*What you will do*.
Look below for the line that has "WMF VarioCuisine Saucepan"; output exactly from it through the line that has "Schalmont?’s Zach Metzold, right, shields", and leave the pictures out.

*Dataset content*.

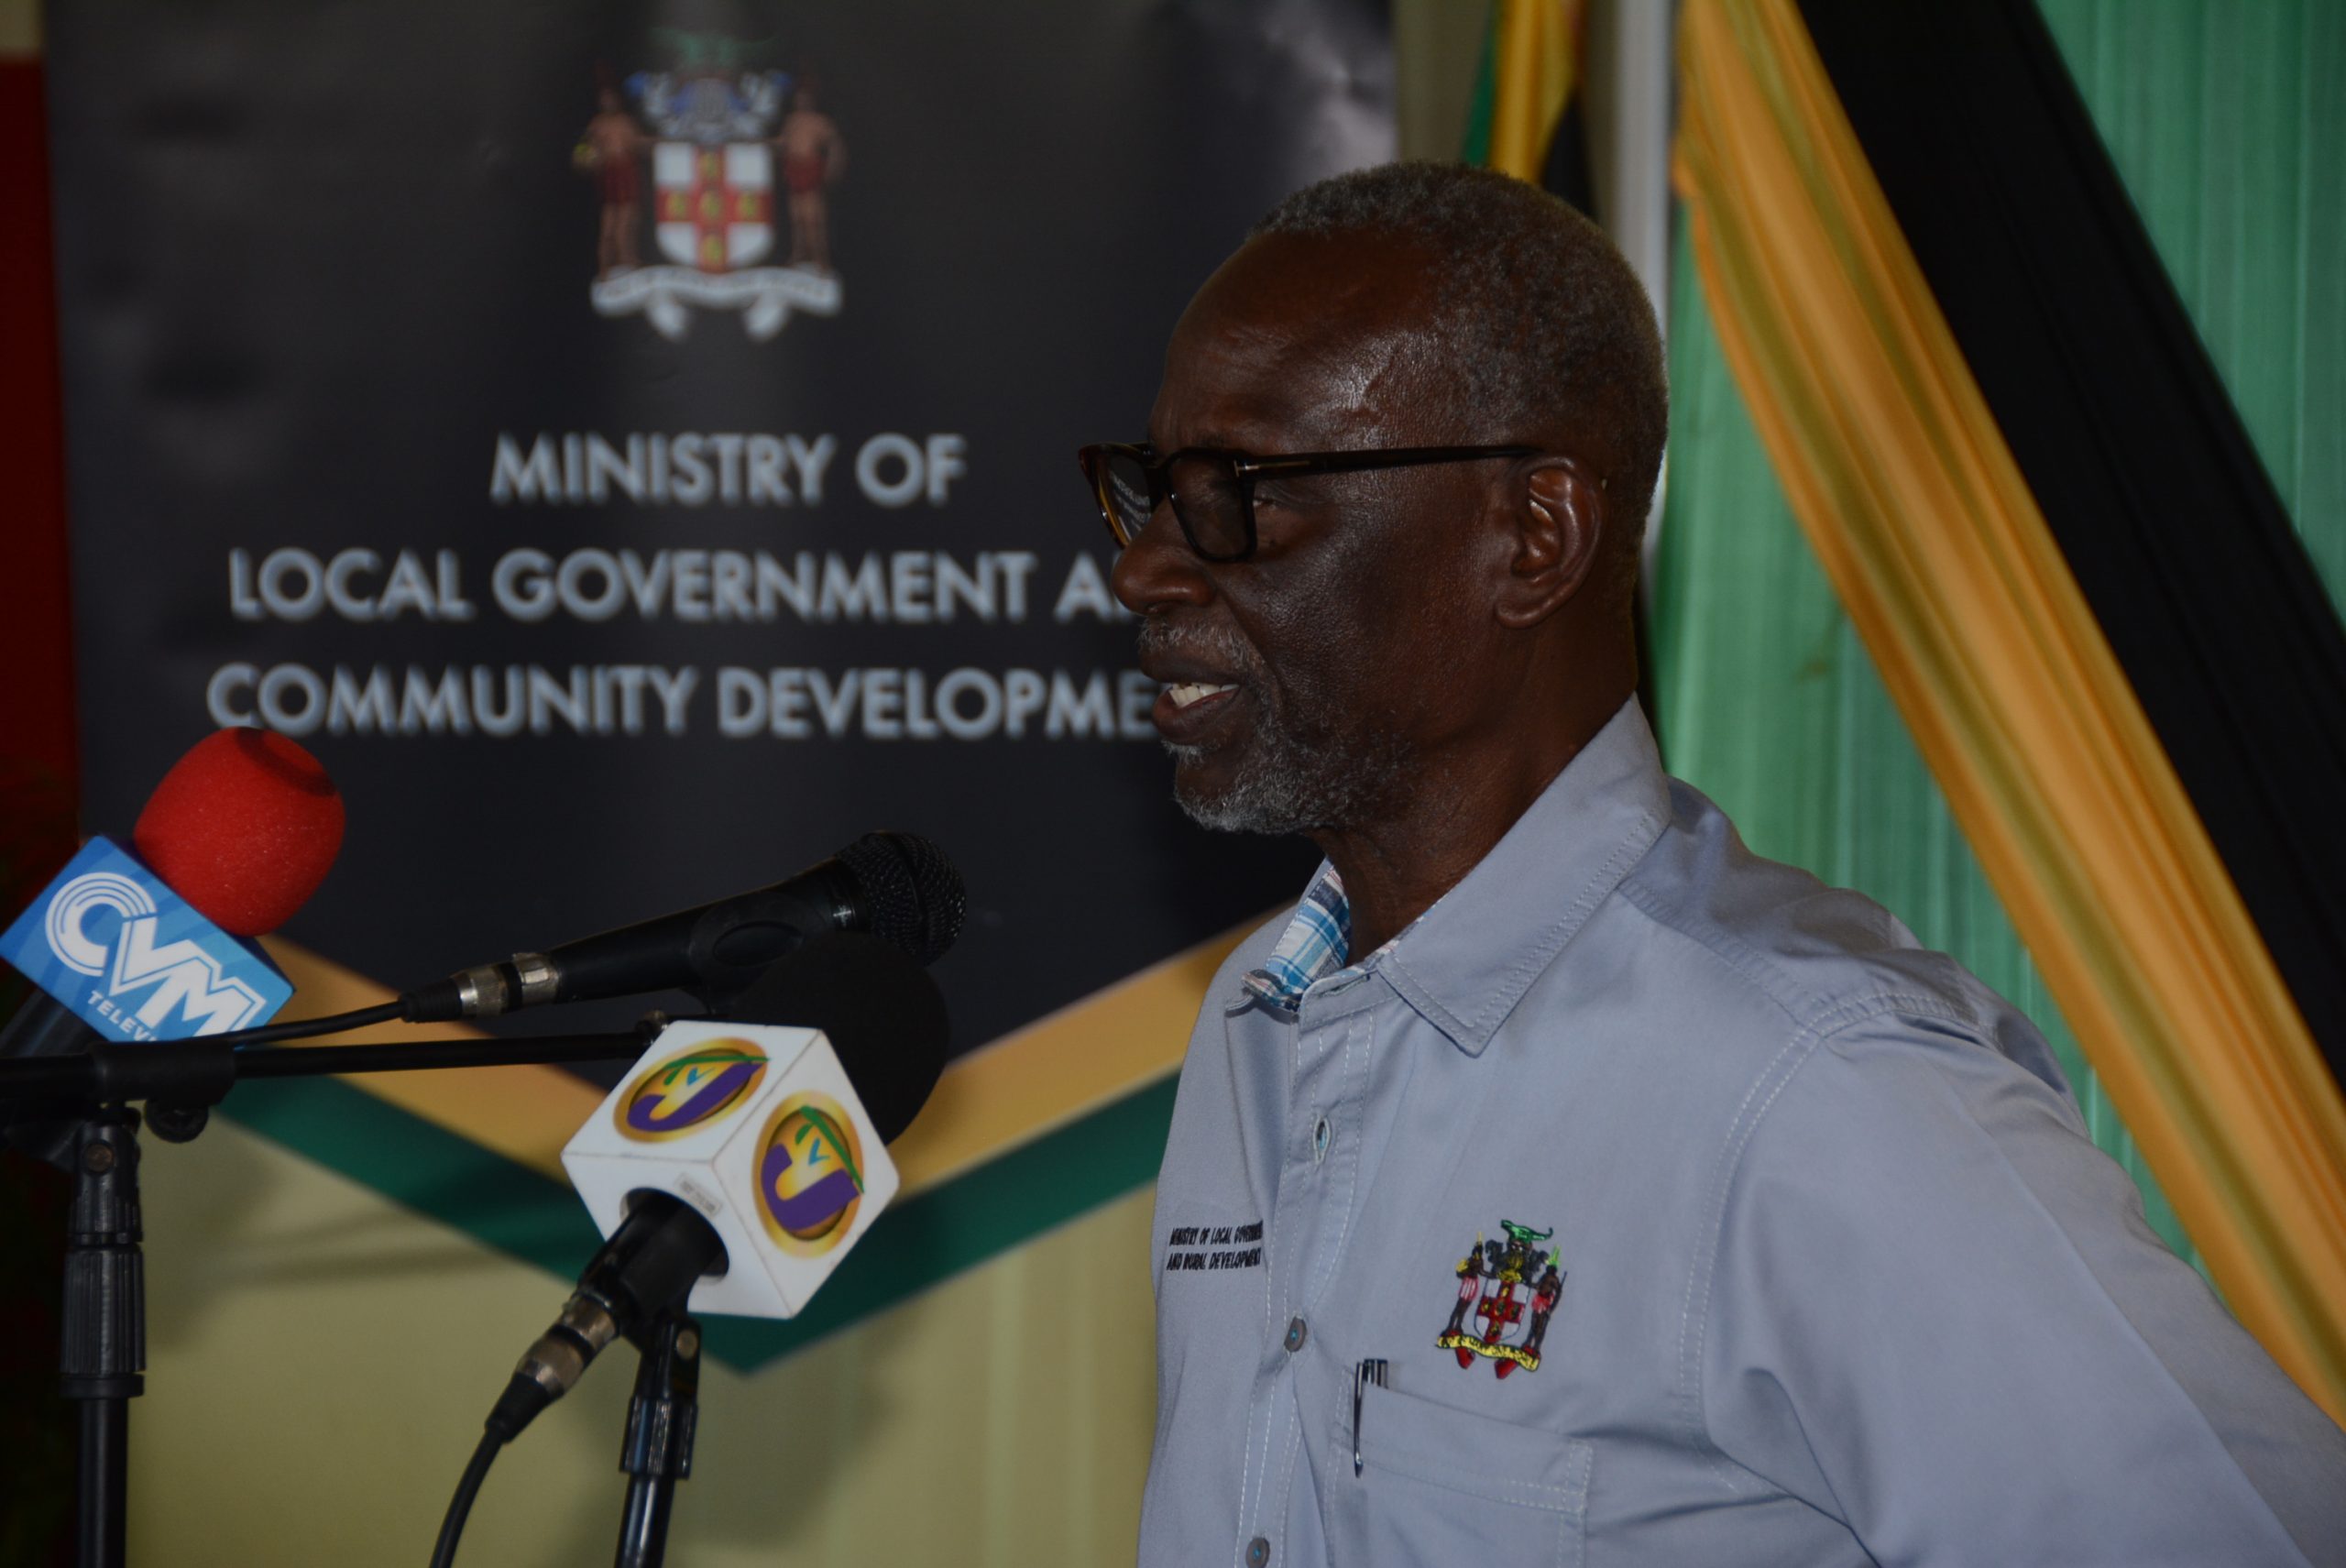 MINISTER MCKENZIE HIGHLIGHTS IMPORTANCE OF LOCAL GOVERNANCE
==
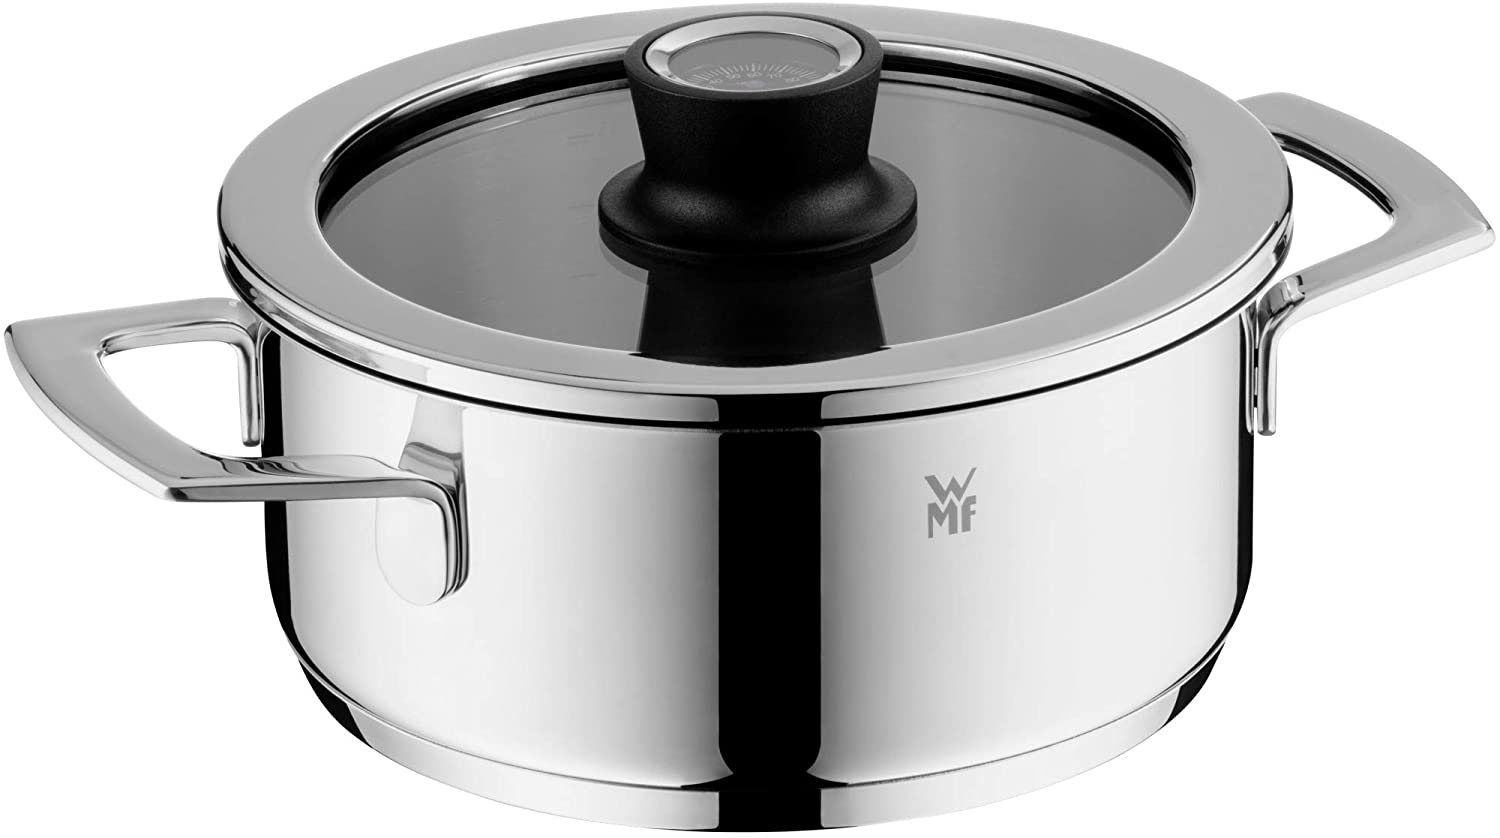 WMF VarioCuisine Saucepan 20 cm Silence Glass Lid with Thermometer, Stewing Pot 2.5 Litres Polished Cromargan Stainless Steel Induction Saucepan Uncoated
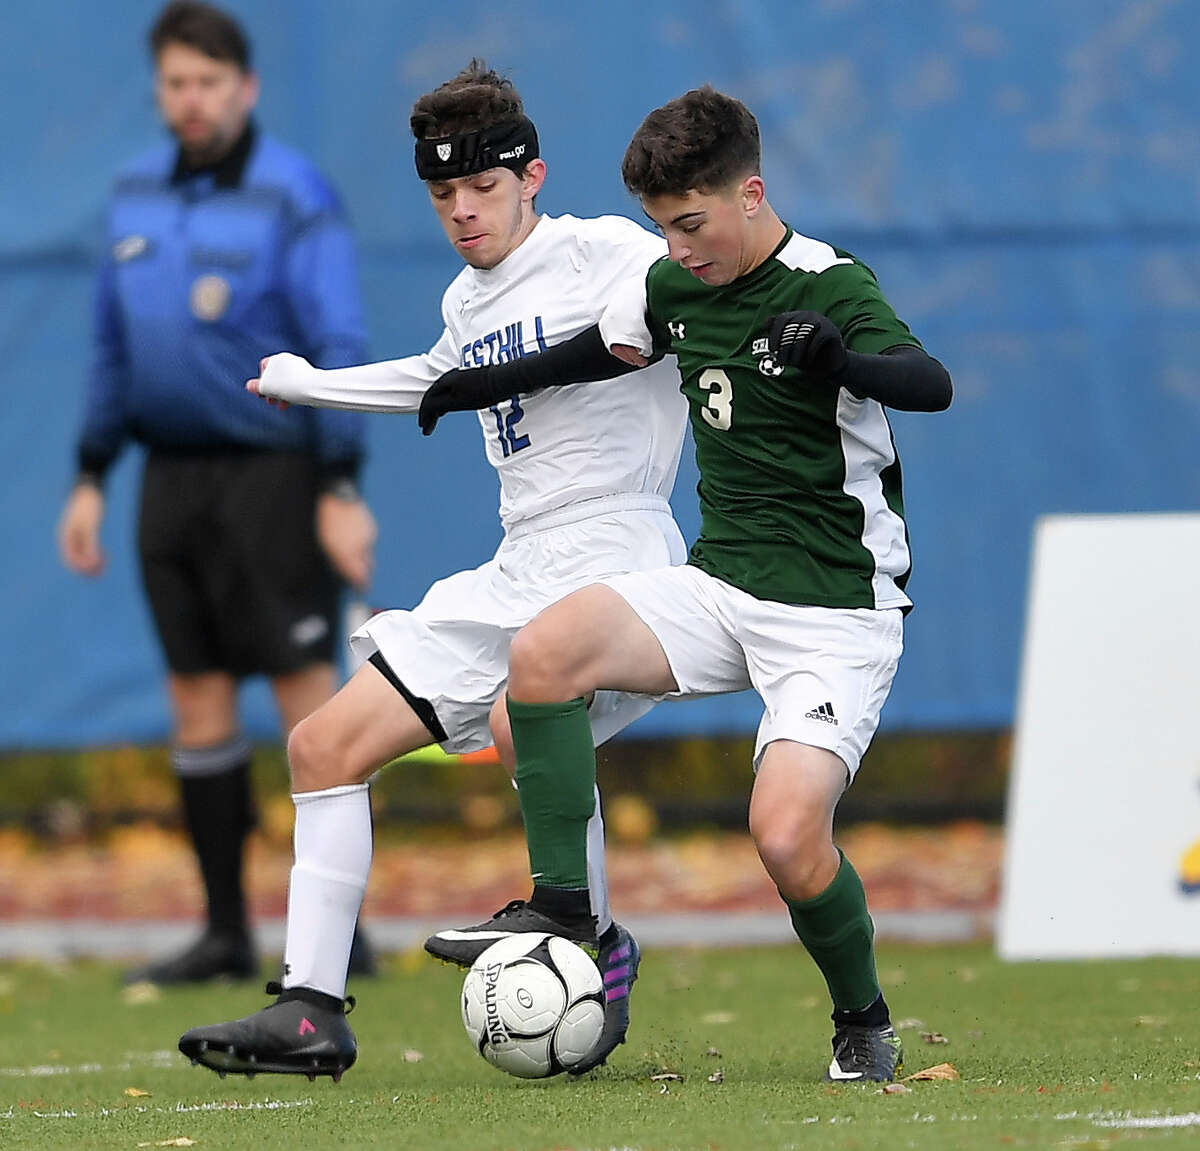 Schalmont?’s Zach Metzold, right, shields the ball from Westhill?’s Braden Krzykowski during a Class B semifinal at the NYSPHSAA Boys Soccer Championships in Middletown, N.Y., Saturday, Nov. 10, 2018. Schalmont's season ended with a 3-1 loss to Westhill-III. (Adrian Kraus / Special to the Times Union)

*The completed task*.
 WMF VarioCuisine Saucepan 20 cm Silence Glass Lid with Thermometer, Stewing Pot 2.5 Litres Polished Cromargan Stainless Steel Induction Saucepan Uncoated
 Schalmont?’s Zach Metzold, right, shields the ball from Westhill?’s Braden Krzykowski during a Class B semifinal at the NYSPHSAA Boys Soccer Championships in Middletown, N.Y., Saturday, Nov. 10, 2018. Schalmont's season ended with a 3-1 loss to Westhill-III. (Adrian Kraus / Special to the Times Union)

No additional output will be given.